Peritoneal Dialysis International ◽

10.1177/089686080502500102 ◽

2005 ◽

Vol 25 (1) ◽

pp. 8-11 ◽

Cited By ~ 8

Author(s):

An S. De Vriese

Keyword(s):

Growth Factor ◽

Transforming Growth Factor Beta ◽

High Glucose ◽

Transforming Growth Factor ◽

Degradation Products ◽

Mesothelial Cells ◽

Cell Surface Receptor ◽

Peritoneal Membrane ◽

Peritoneal Fibrosis ◽

Mesenchymal Transition

Several conditions in the peritoneal membrane of peritoneal dialysis (PD) patients promote the accumulation of advanced glycation end-products (AGEs), that is, the uremic state, exposure to high glucose concentrations, and exposure to glucose degradation products (GDPs).
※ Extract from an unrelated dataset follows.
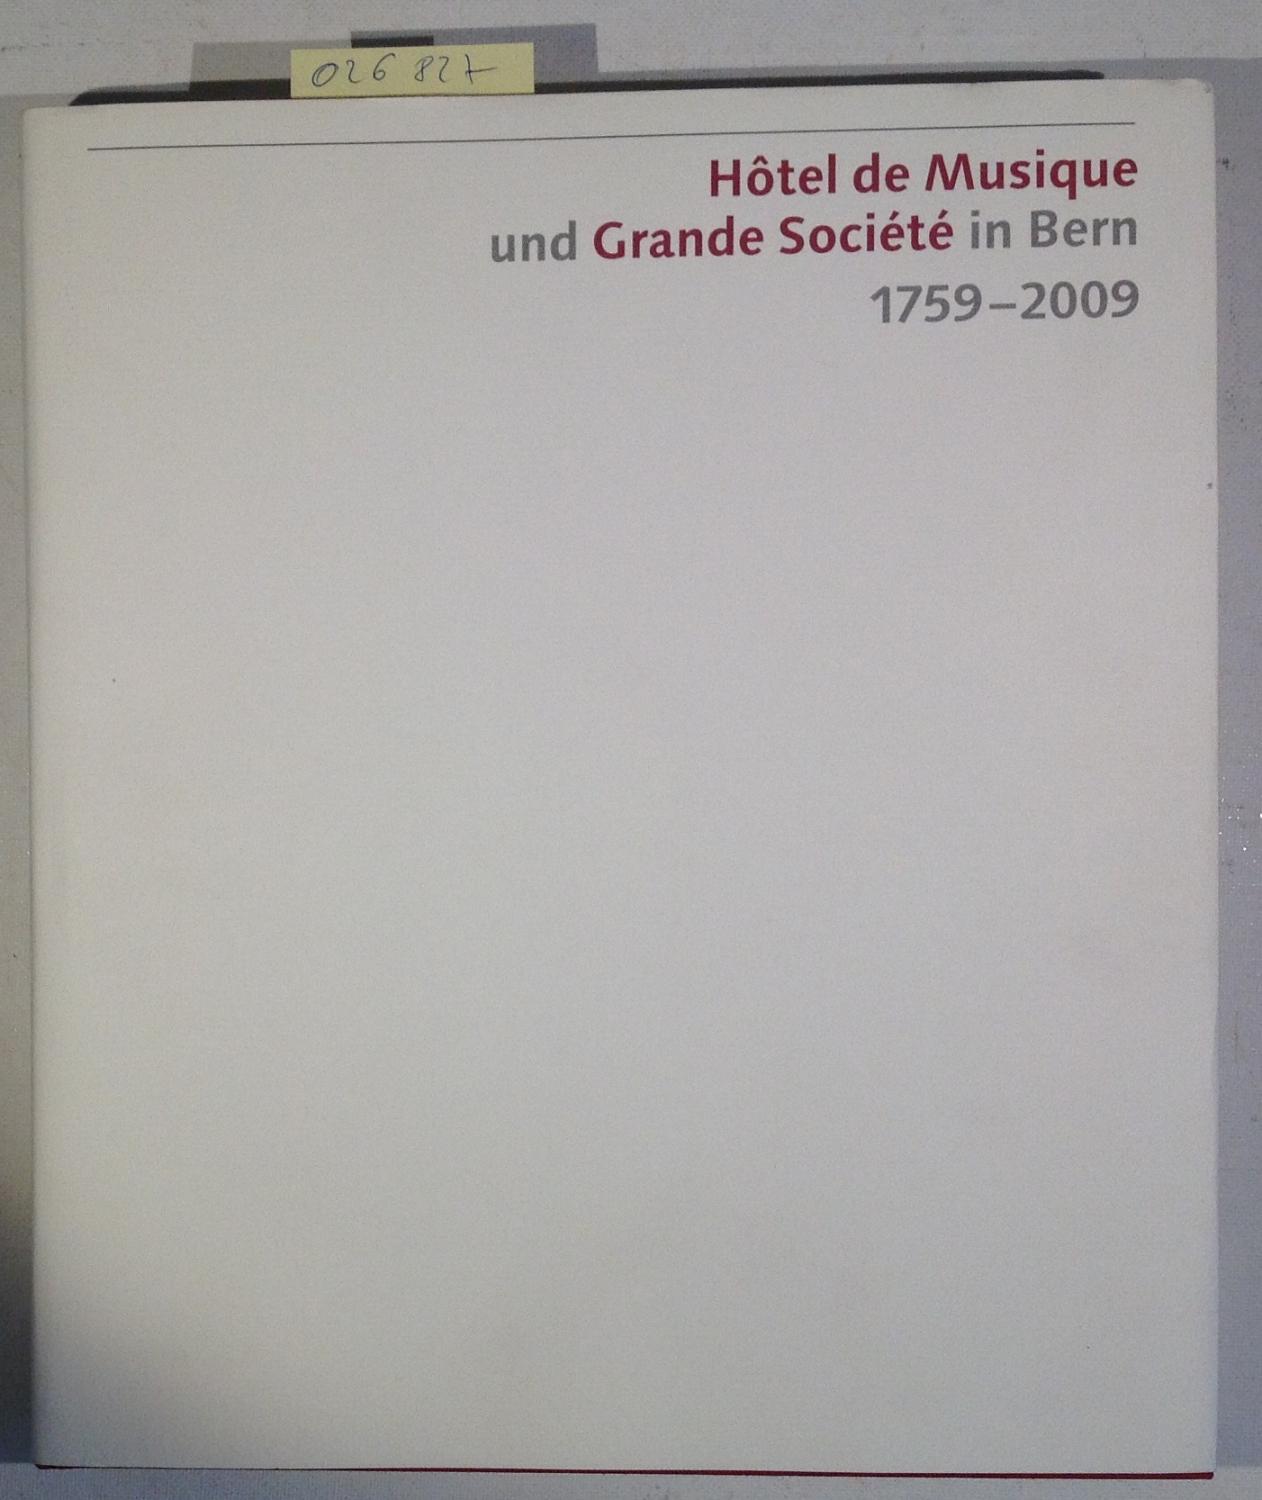 Hotel de Musique und Grande Societe in Bern 1759-2009 - Lehmann, Claudia - Redaktion

AGEs exert some of their biologic actions through binding with a cell surface receptor, termed RAGE. Interaction of AGEs with RAGE induces sustained cellular activation, including the production of the fibrogenic growth factor, transforming growth factor-beta (TGF-β). TGF-β is pivotal in the process of epithelial-to-mesenchymal transition, through which cells of epithelial origin acquire myofibroblastic characteristics. Myofibroblasts are involved in virtually all conditions of pathological fibrosis. Submesothelial fibrosis is an important feature in peritoneal biopsies of PD patients, especially of those with clinical problems. We therefore examined the role of RAGE in peritoneal fibrosis, in an animal model of uremia, of high glucose exposure, and of peritoneal dialysate exposure. All three models were characterized by accumulation of AGEs, upregulation of RAGE, and fibrosis. Antagonism of RAGE prevented the upregulation of TGF-β and fibrosis in the peritoneal membrane. We further examined the underlying mechanism of peritoneal fibrosis in the uremic model. Prominent myofibroblast transdifferentiation of mesothelial cells was identified by co-localization of cytokeratin and α-smooth muscle actin in submesothelial and interstitial fibrotic tissue. Antagonism of RAGE prevented conversion of mesothelial cells to myofibroblasts in uremia. In conclusion, we hypothesize that accumulation of AGEs in the peritoneal membrane, as a consequence of the uremic environment, chronic exposure to high glucose, and exposure to GDPs, results in an increased expression of RAGE. The interaction of AGEs with RAGE induces peritoneal fibrosis by virtue of upregulation of TGF-β and subsequent conversion of mesothelial cells into myofibroblasts.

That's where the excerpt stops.